- DATA SECTION:
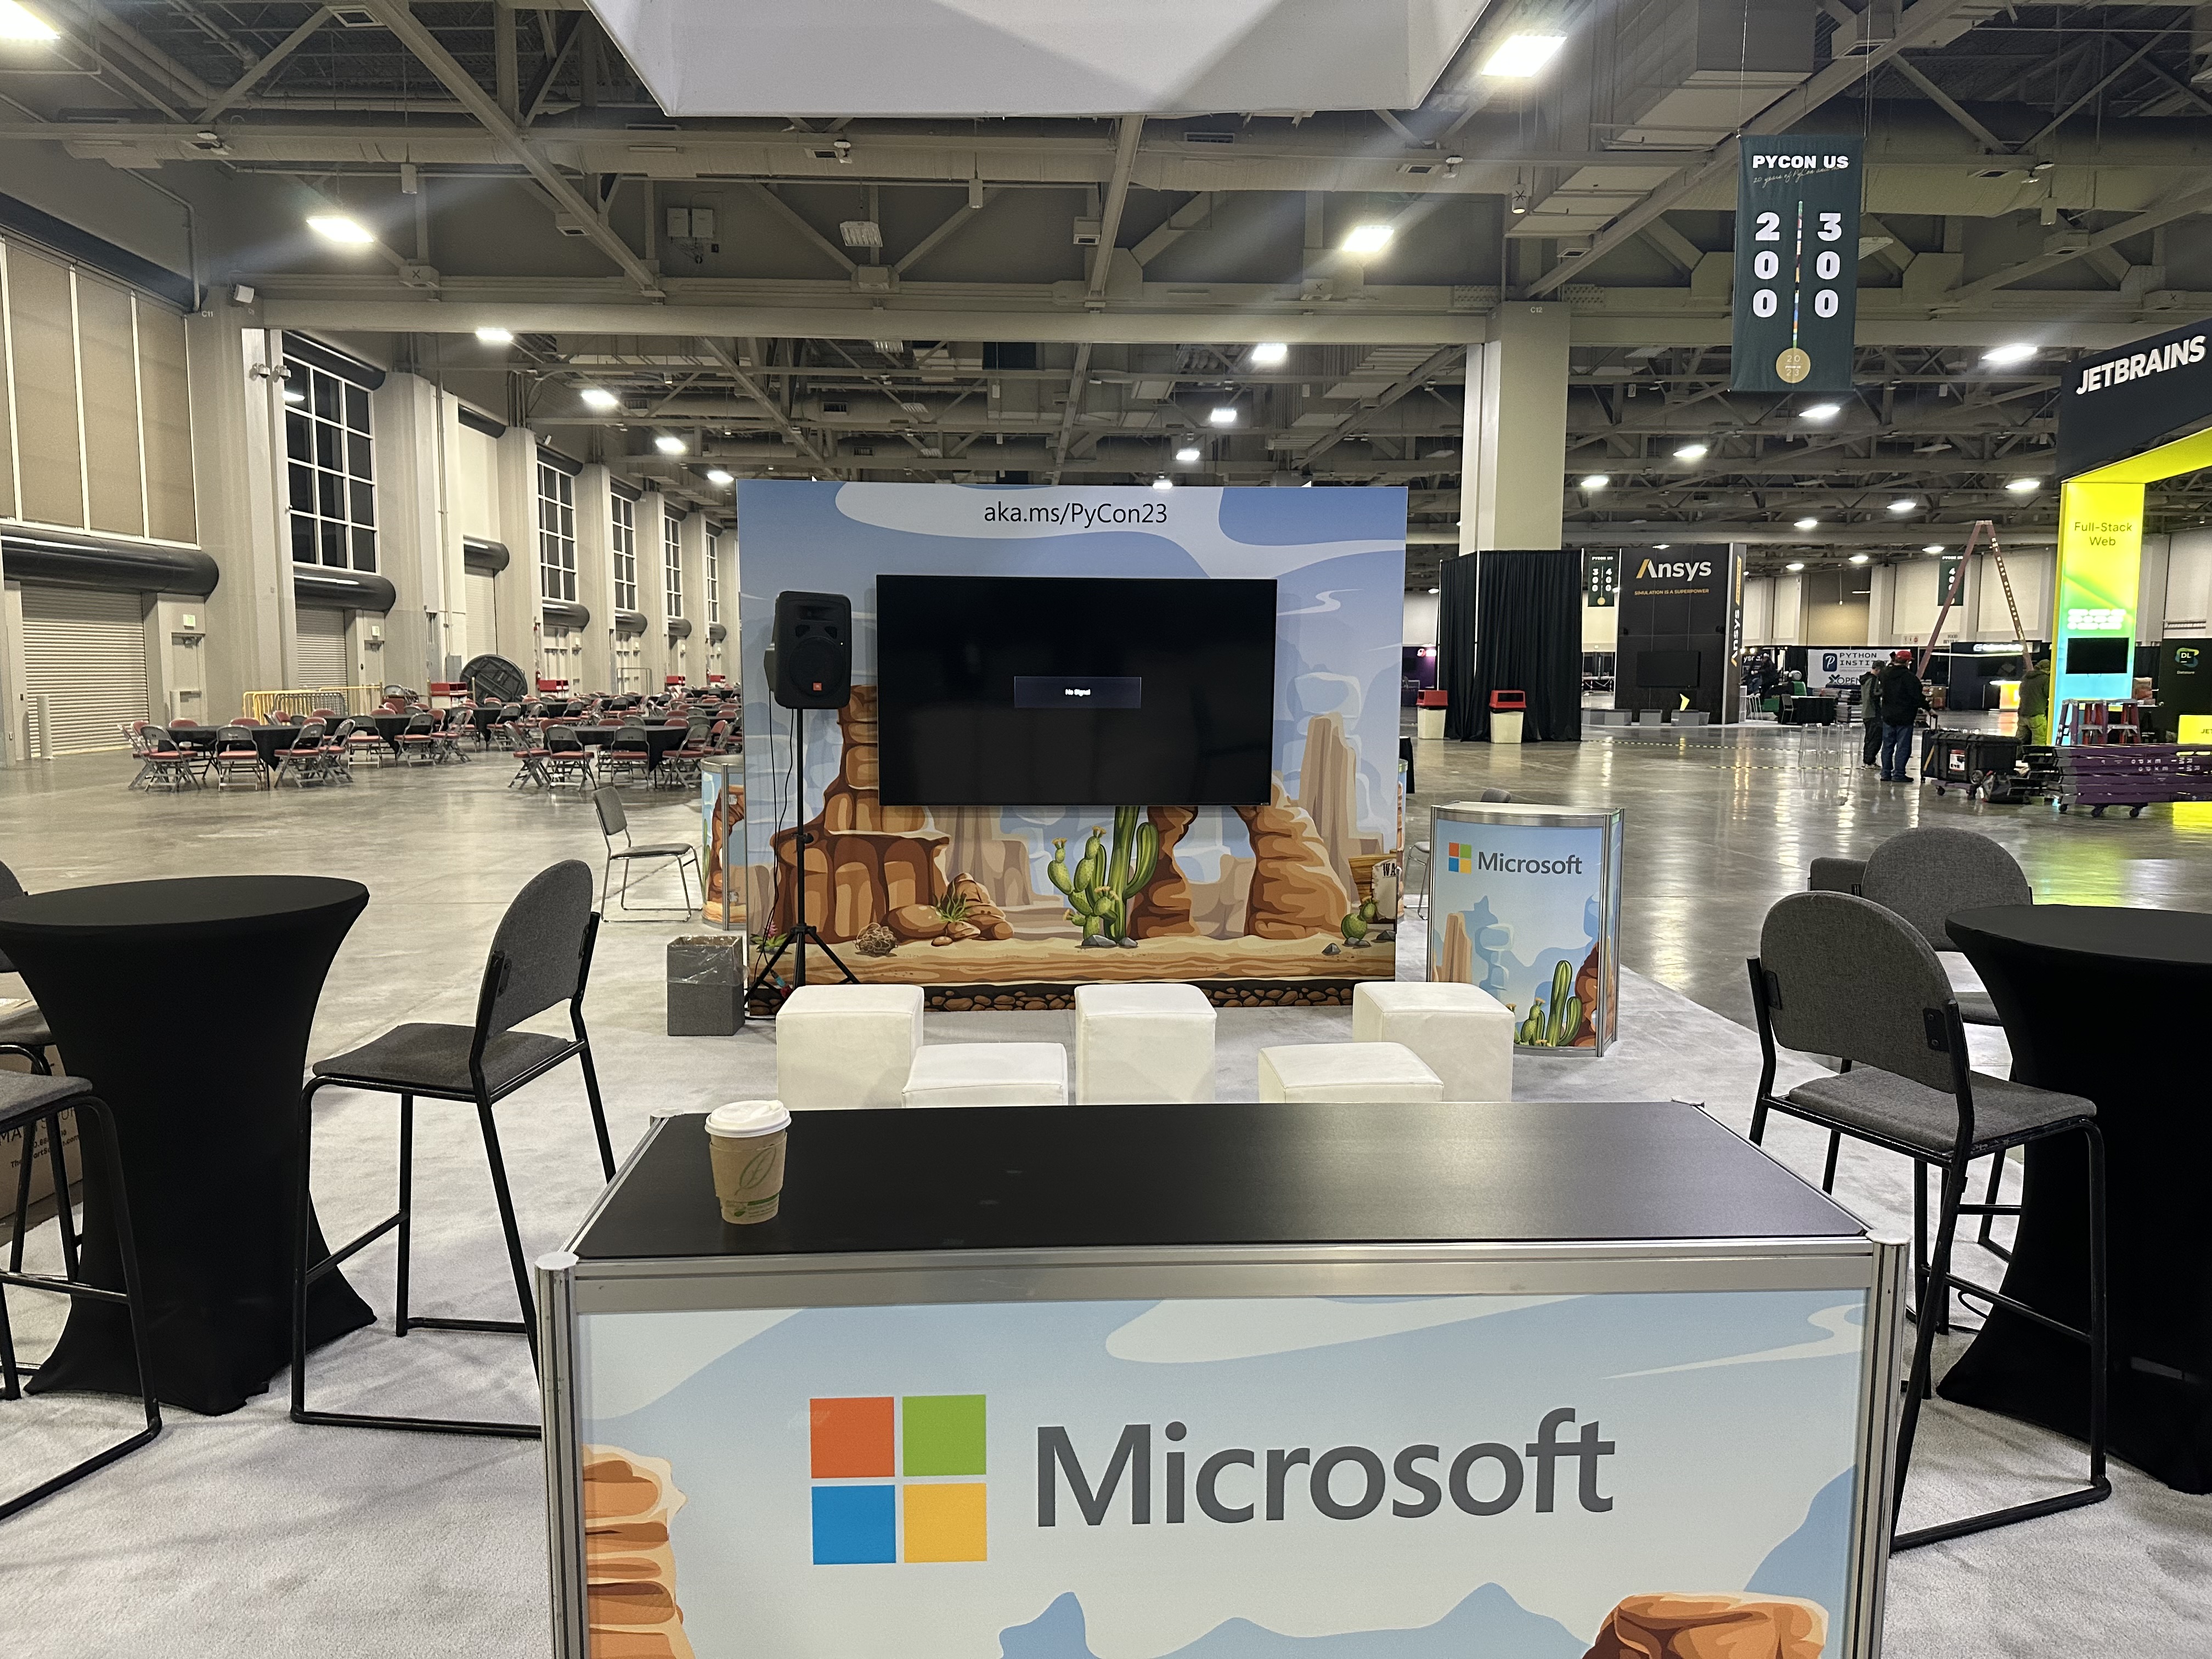 The Microsoft Booth Pre-PyCon
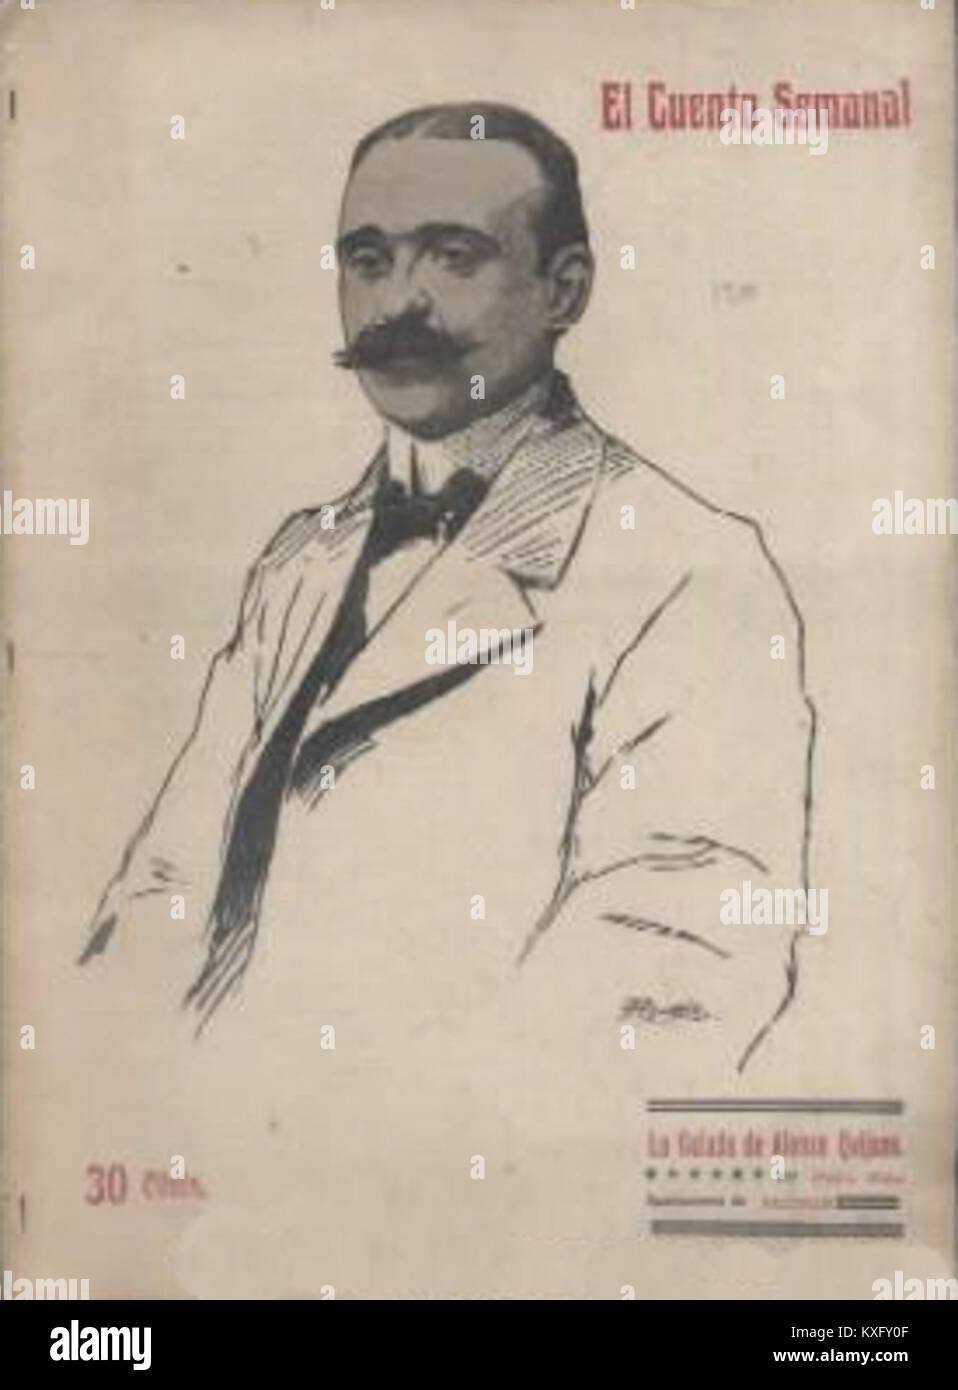 1909-04-16, El Cuento Semanal, La celada de Alonso Quijano, de Pedro Mata, Agustín, nº120 Stock Photo
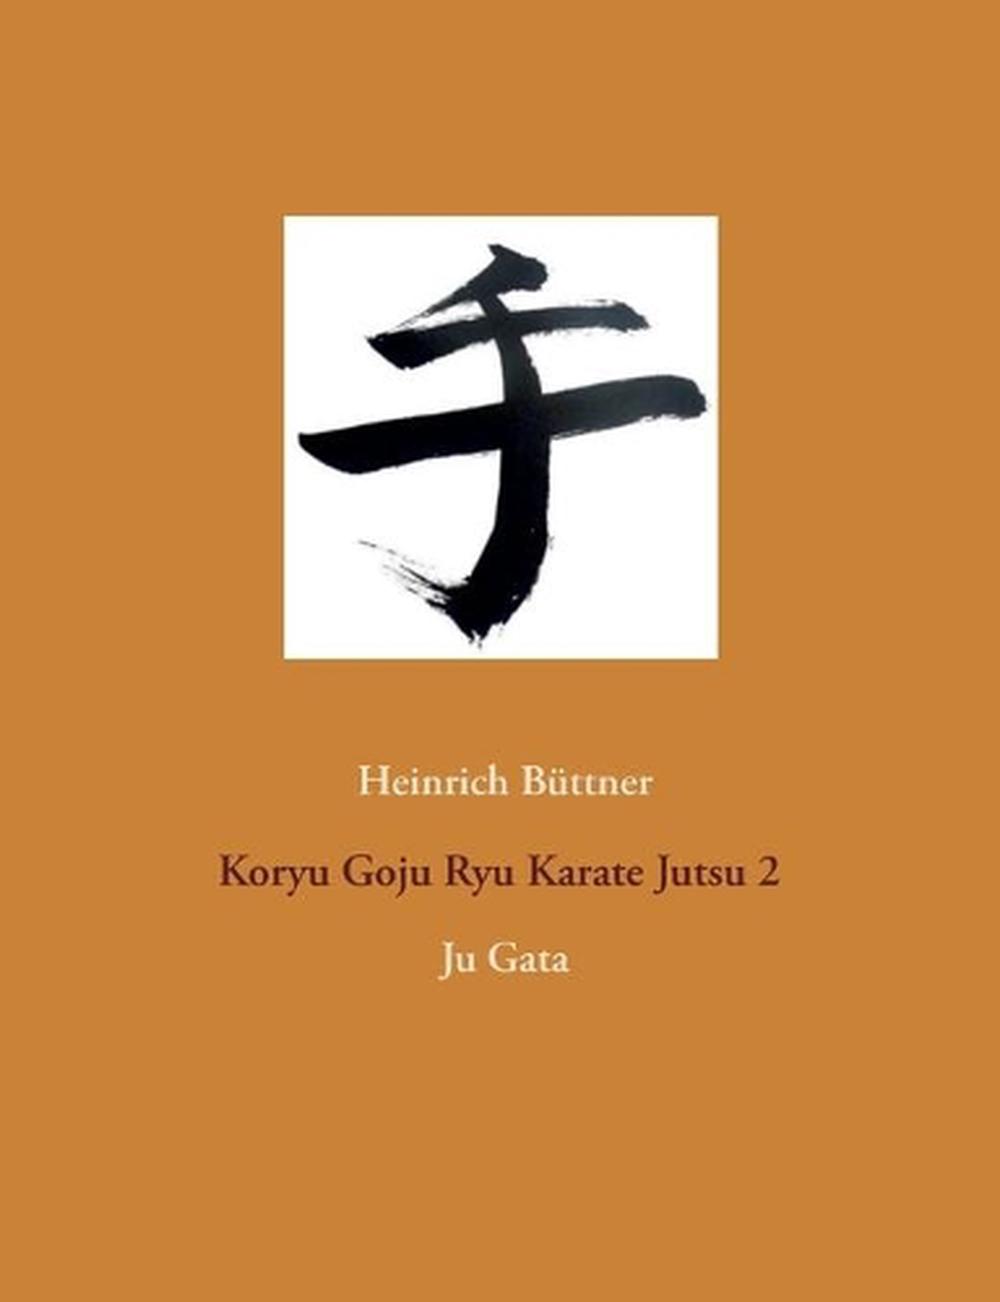 Koryu Goju Ryu Karate Jutsu 2 by Heinrich Buttner (German) Paperback
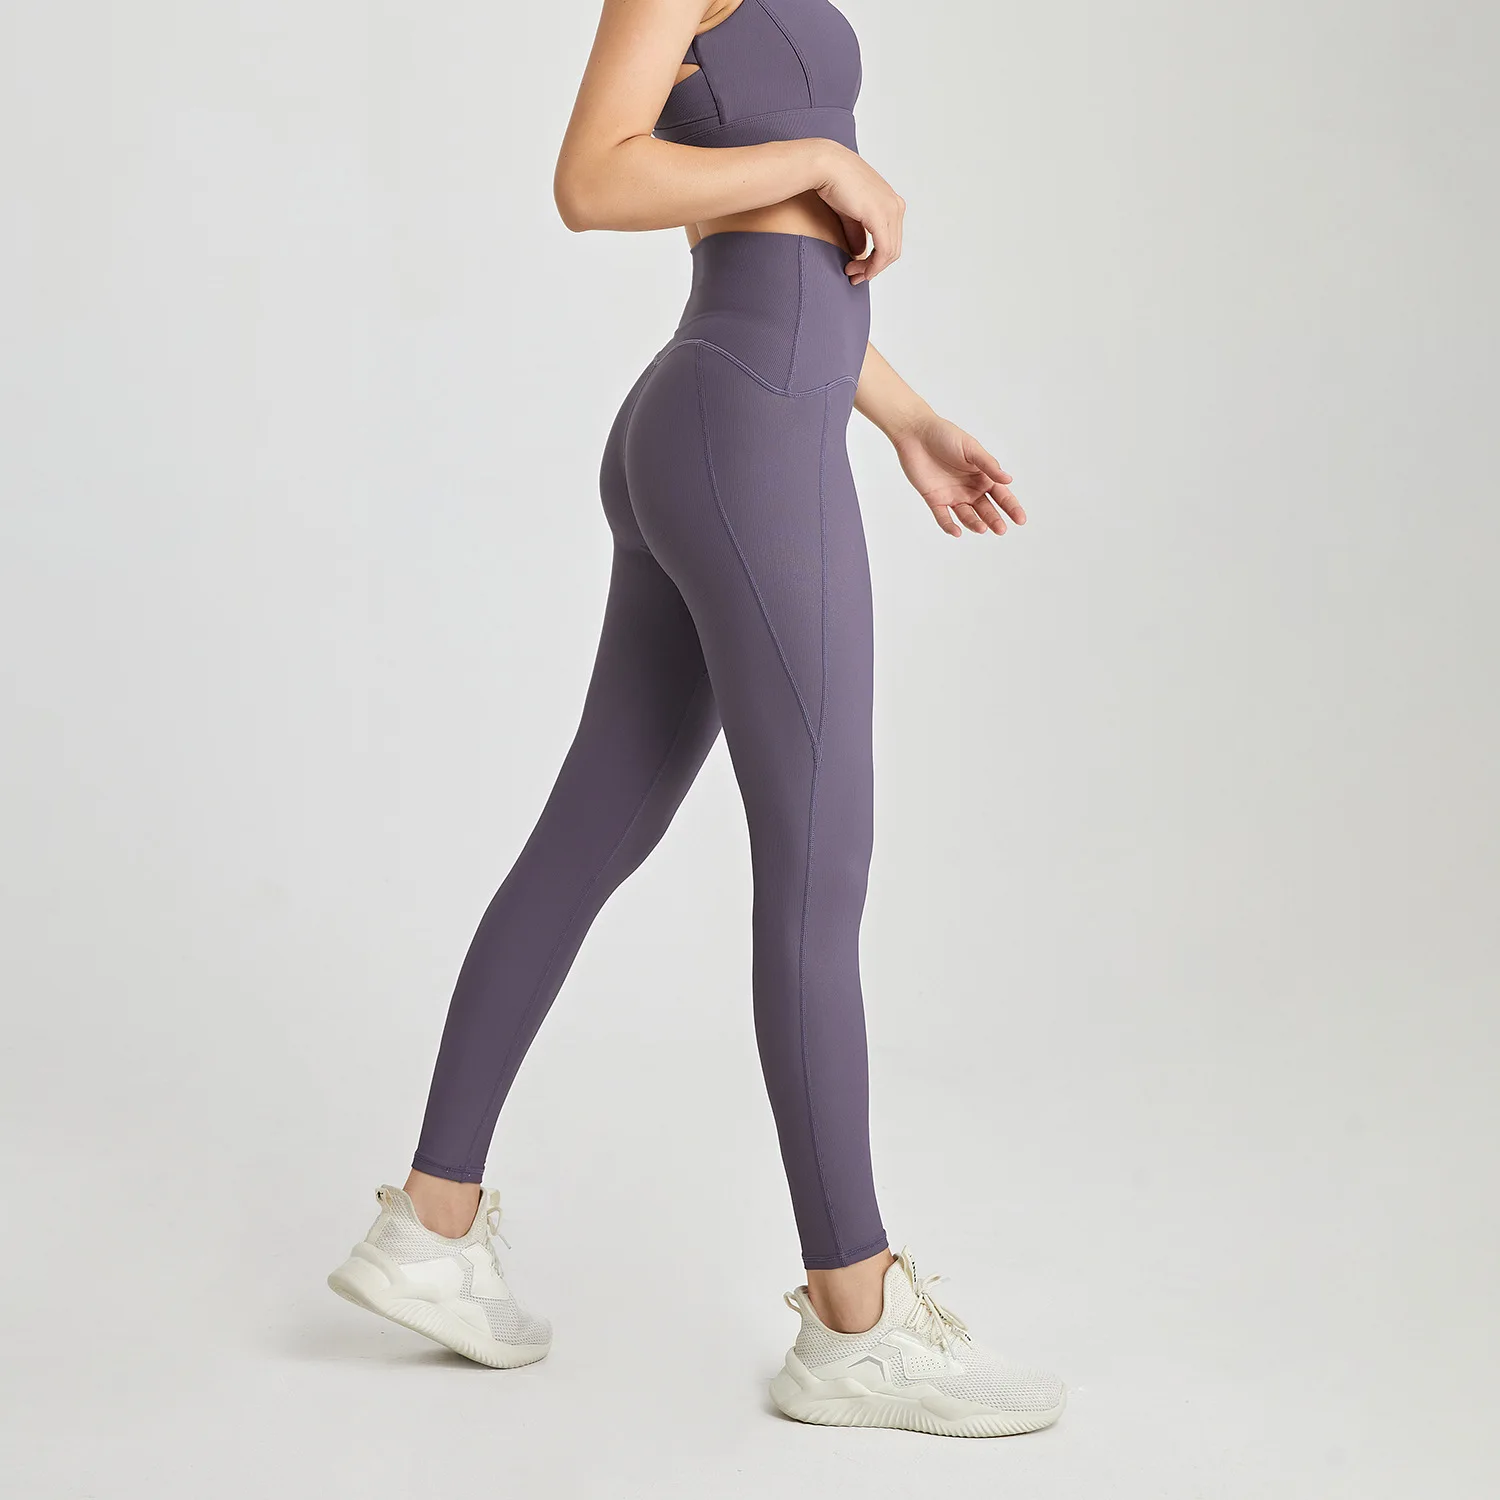 High Waist Yoga Pants Women's Workout Capris Tummy Control Gym Sports  Running Training Capri Leggings - AliExpress

- PROBLEM STATEMENT:
Write out the whole listing above exactly; do not include the pictures.

- WORKED SOLUTION:
 The Microsoft Booth Pre-PyCon
 1909-04-16, El Cuento Semanal, La celada de Alonso Quijano, de Pedro Mata, Agustín, nº120 Stock Photo
 Koryu Goju Ryu Karate Jutsu 2 by Heinrich Buttner (German) Paperback
 High Waist Yoga Pants Women's Workout Capris Tummy Control Gym Sports  Running Training Capri Leggings - AliExpress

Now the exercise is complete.